C’était sa mère. Le temps pressait… Elle devait prendre une décision.

« Je… Je ne sais pas, attends ! »

Dernier coup d’œil aux chemises et pantalons. Elle ôta les six cintres encore pendus dans son placard et fourra le tout dans le plastique. Le contenu de deux tiroirs de chaussettes et caleçons suivit le même chemin. Elle y ajouta trois paires de chaussures et fit un nœud.

Voilà, c'est fait. J'irai donner ça un de ces jours... Ça pourrait servir à quelqu'un.

Il restait encore quelques petites choses : la montre – qui ne fonctionnait plus – et l’ancien téléphone portable de Gabriel. Elle garda la première, jeta le second. Quant aux petits cadeaux qu'ils s'étaient offerts au fil des ans, elle choisit de tous les conserver.

« Mamá, il reste un tout petit peu de place, si tu veux ! »

✲°˖✧*✧˖°✲

Angélica et sa famille arrivèrent un peu en avance sur les déménageurs. Leur nouvel appartement se situait proche du bord de mer et comptait une chambre de plus : Sofía emménageait avec elles, comme à Tampa.

Il était bientôt midi ; une vive lumière se déversait par les fenêtres, inondant l'espace qui deviendrait le salon. Les filles courraient ici et là, surexcitées. Salomé avait retrouvé le sourire ; depuis sa petite fugue, et encore plus depuis leur retour en Argentine, elle avait oublié sa rancœur et sa mélancolie. Elle se confiait de nouveau à elle – ou à sa grand-mère – et s'était même fait de nouvelles amies.

Quant à Angélica, elle commencerait son nouveau travail dans quelques semaines. Grâce aux aides financières de Rhapsody Blue, elle avait pu se payer un nouveau cabinet de consultation et se réjouissait à l'idée d'y exercer, en toute indépendance. Seul petit changement : sa réputation l’ayant précédée, elle avait décidé d’ajouter un nouveau service à ce qu’elle proposait autrefois : aider les gens à se souvenir de leurs vies passées via l’hypnose. Elle savait déjà s’y prendre avec les enfants et s’était lancé comme défi d’y parvenir avec les adultes.

Son téléphone vibra.

« C’est eux ! s’exclama Sofía, penchée à la grande baie vitrée.

— Allo ? Oui, 5ème étage. Numéro 503. Attendez, je vous ouvre. »

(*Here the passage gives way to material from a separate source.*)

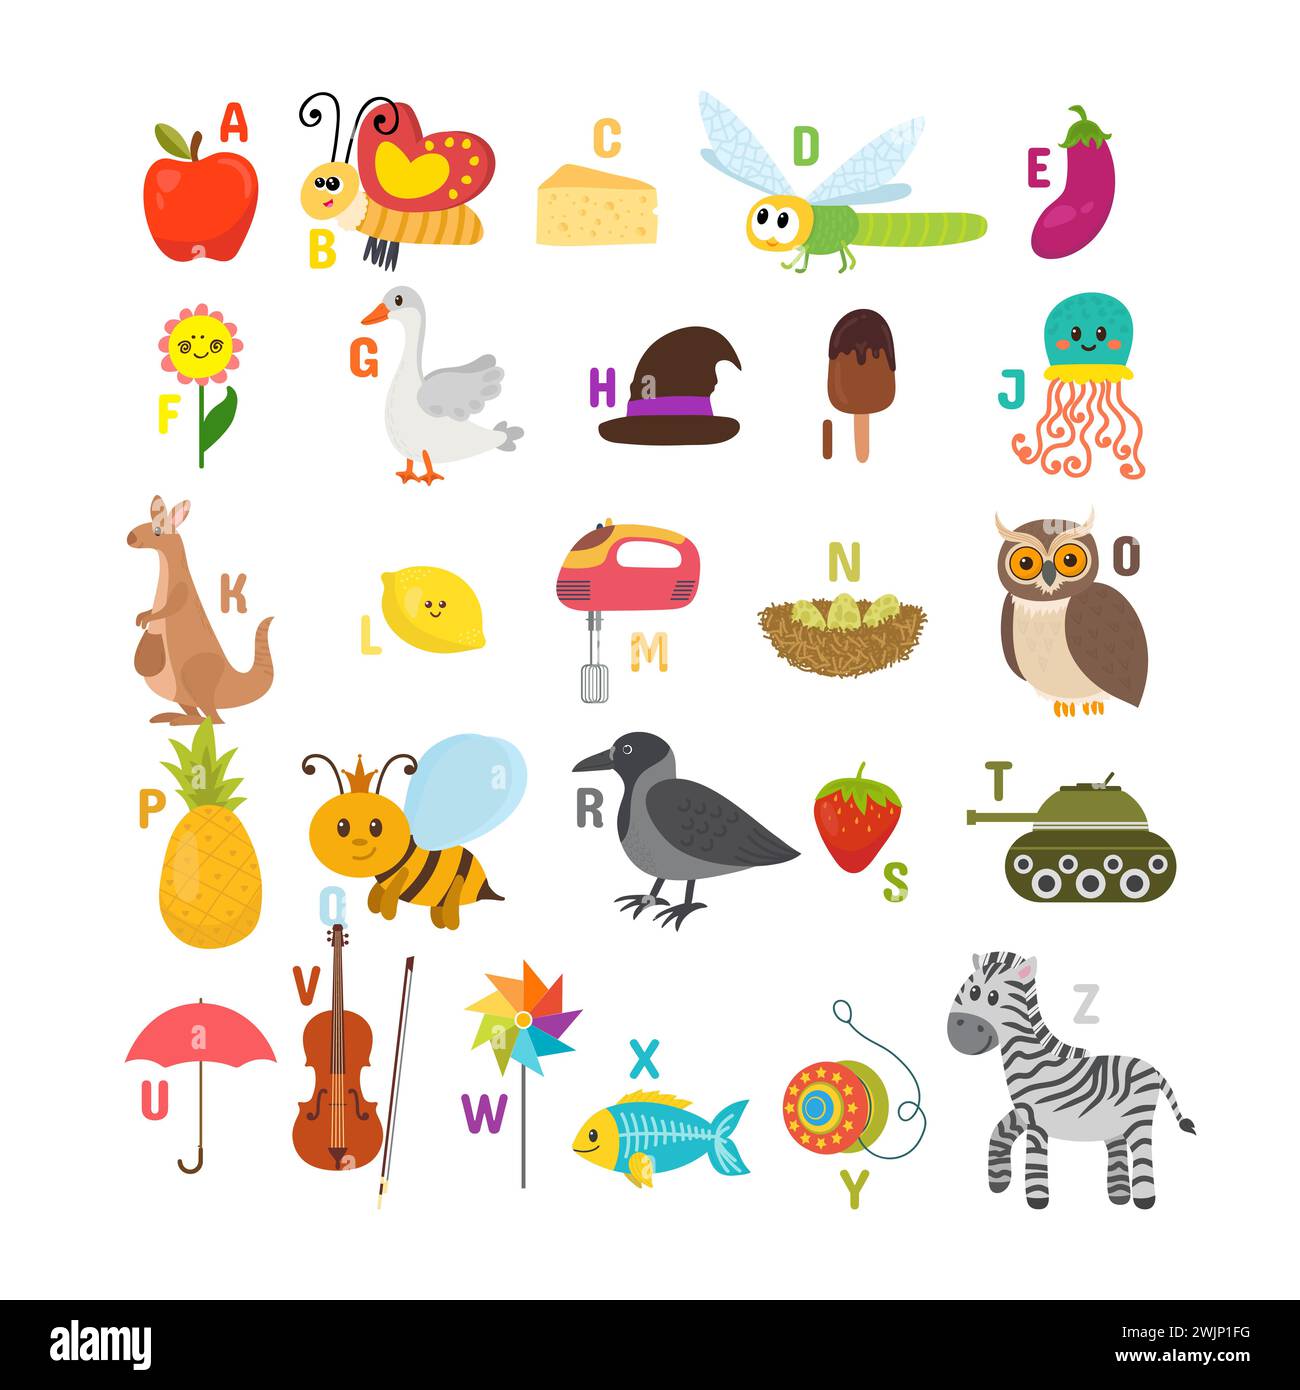 Learn to read. Children alphabet with cute cartoon animals and other funny elements. ABC. Vector illustration Stock Vector

Angélica appuya sur le bouton de l’interphone, puis raccrocha. Comme ses filles déboulaient dans le salon, elle leur dit :

« Allez, c'est bientôt fini. Quand ils seront repartis, on ira déjeuner, puis je vous emmènerai manger une glace. La première de l'été ! On ouvrira les cartons plus tard...

— Ouiiii ! Une glaaaace !

— Ouiiii ! »

Elle rit en les voyant sauter sur place. Leur joie faisait écho à la sienne : cet endroit sentait le neuf. Ici, elles pourraient faire table rase et démarrer une nouvelle vie. Oublier les difficultés, les regrets et les pertes, et avancer. Toutes les quatre.

Quant au cinquième, il continuait à vivre dans leurs têtes. Il s’invitait maintenant, sans tabou, dans leurs conversations. Il avait toujours sa place, mais sans envahir tout l’espace comme avant. Et dans le portefeuille d’Angélica, sa photo en cachait une autre : celle d’un petit garçon joufflu qui s’appelait Filippo.